Aquarium Advice Apprentice
Joined
May 21, 2008
Messages
28
Location
Minnesota
My zoas, and my hammer, and my duncan coral won't come out. I did my water change like I always do. about 5 gallons, the only thing I have done is gone from a 14,000k bulb to a 20,000k. It's a 150 watt halide setup. My nitrates are very low. I don't get it. Help. :confused:

12 gallon nano. Did another 5 gallons change last night. No lost fish, hermit crabs all accounted for....
 
This is probably a stupid question but have you checked your SG, sometimes if it is to low or hight it will effect the tank. Also are you using a refractometer or a hydrometer sometimes a bubble on the swing arm will effect the reading.
 
I check using a hydrometer. It's right on. Keep thinking it's a light issue, considering the change. Gonna have to get some new carbon tonight, But I change it every two weeks. I have sump, and a refugium. I could see it, if somthing really swung, but like I said, nothing has changed.
 
hydrometers are very inaccurate. that said, the lighting change definitely could have effected them. how old was the bulb you replaced? if it was very old, it may not have been putting out much PAR, and then the new bulb shocked them. i've seen it many times.
 
If it indeed did shock them, what should I do? I have only been running the new light for about 4 hours a day. The bulb came with fixture, I have used it for six months. So, not sure about time frame for the old bulb.
 
so, you bought the fixture used? if so, that bulb was probably spent. not much you can do now. i usually suggest the screen method of light acclimation-when you replace your lamp(s), put a few pieces of window screen between the tank and the fixture, and every few days remove one layer, until they are gone. this will gradually increase the light in the tank safely.
 
mr_X said:
so, you bought the fixture used? if so, that bulb was probably spent. not much you can do now. i usually suggest the screen method of light acclimation-when you replace your lamp(s), put a few pieces of window screen between the tank and the fixture, and every few days remove one layer, until they are gone. this will gradually increase the light in the tank safely.

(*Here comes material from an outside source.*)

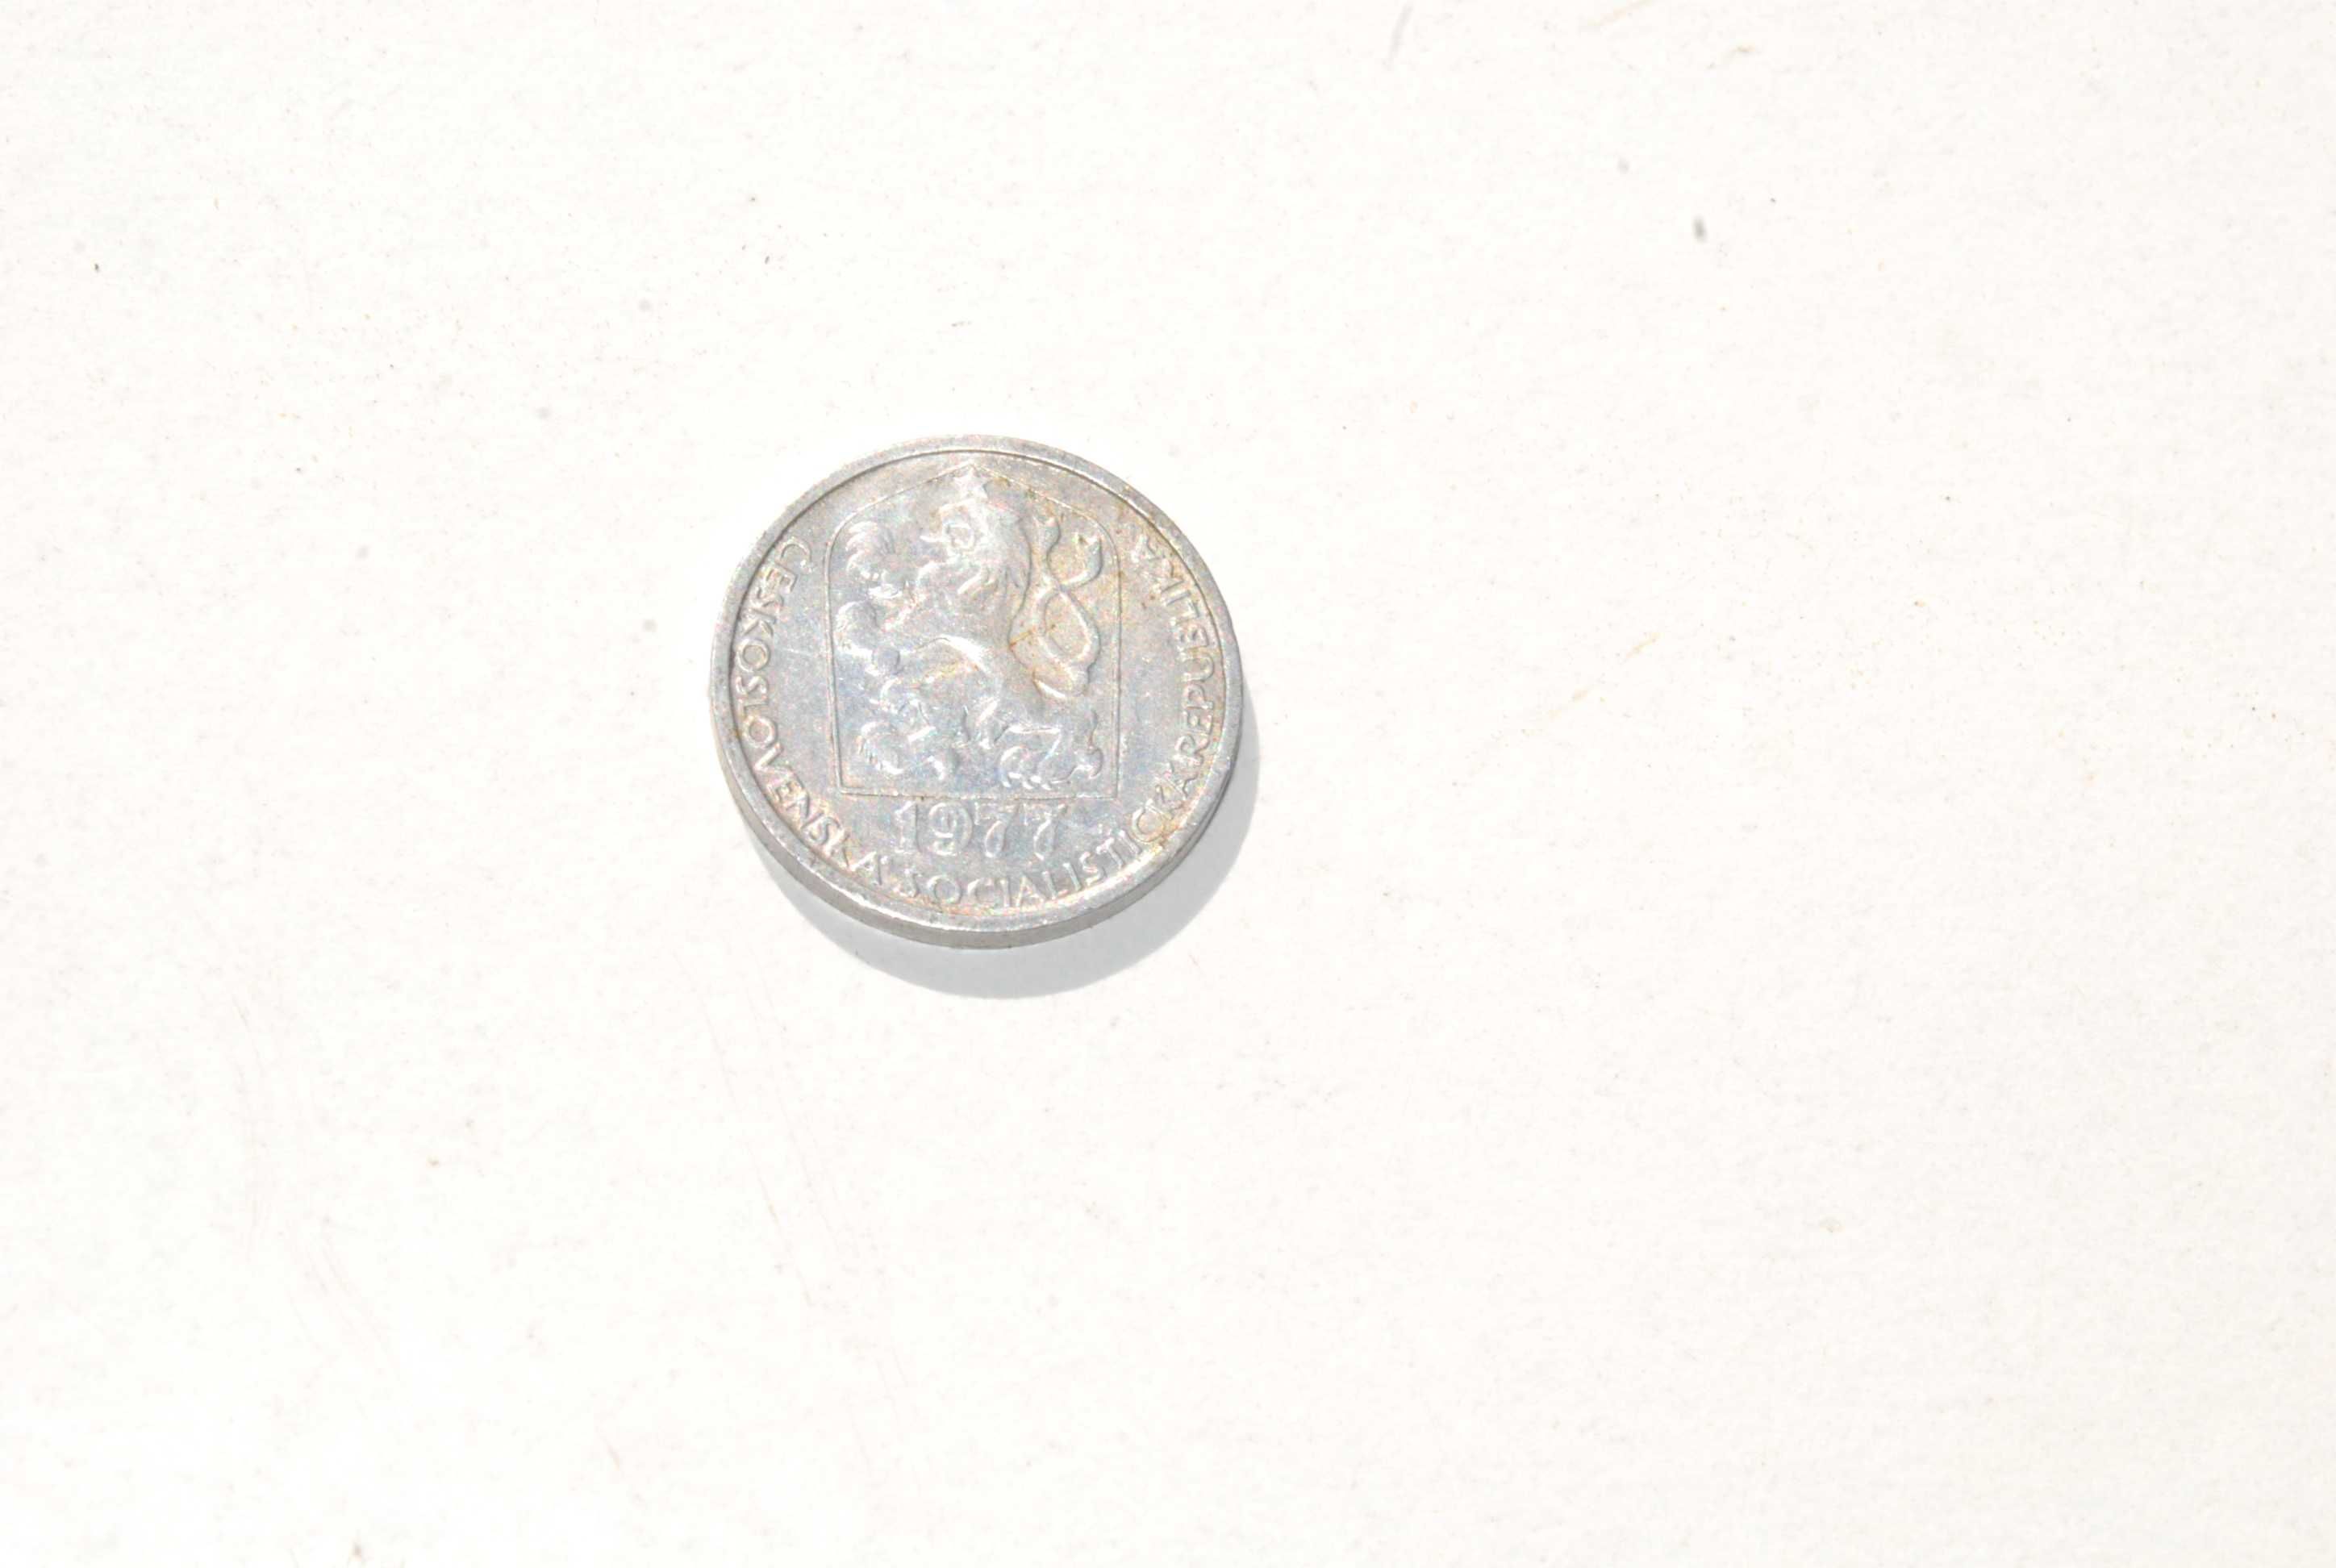 Stara moneta 10 halerzy Czechosłowacja 1977 unikat antyk kolekcjonersk
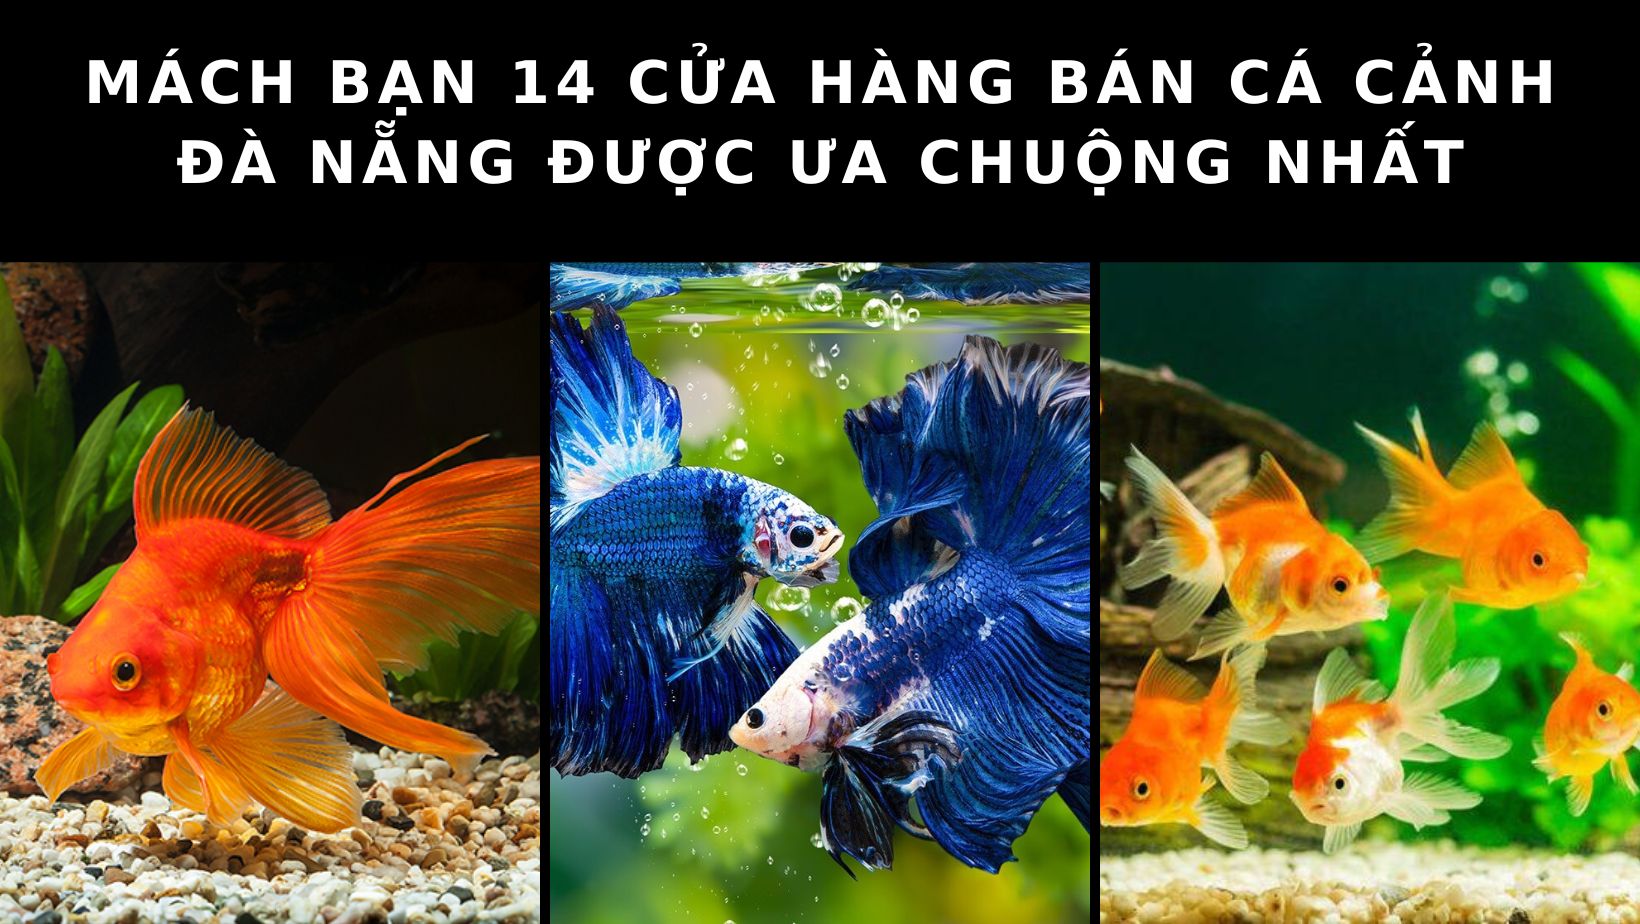 Cửa hàng bán cá cảnh Đà Nẵng: Bật mí 14 cửa hàng bán cá cảnh uy tín nhất

+1 to the screen method. If you can't find good window screen at the hardware store egg crate works just as well. What are your water parameters currently?
 
The only test I get readings are nitrates, there at 10. No nitrites, or ammonia. I don't tesk for calcium, ph is 8.1

The screen method, how many pieces do I start off with? Never done that before. How long do I leave the lights on for? I have six blue leds at night, should I leave them off?
 
Try 3-4 layers then take one off every couple days. Leave the lunars on as they don't have enough power to really penetrate through the screen
 
Also missed it before but but 5g water changes on a 12g regular water changes is a little excessive. Almost borderline your going to make your tank cycle again. Start testing for calcium, alk, magnesium, iodide, phosphate, pH, and nitrate. I recommend the red sea pro test kits. I have the reef foundations test kit which includes calc, mag and alk. And the Algae control test kit has phosphate and nitrate. And the individual iodine test kit. There so much better than the API test kits IMO.
 
Tank is 12 gallons, 6 in the sump, and 2 in the refugium. So, I figure it's about a 1/4 tank volume water change. I will try the screen thing and let you know how it goes. Thanks everyone.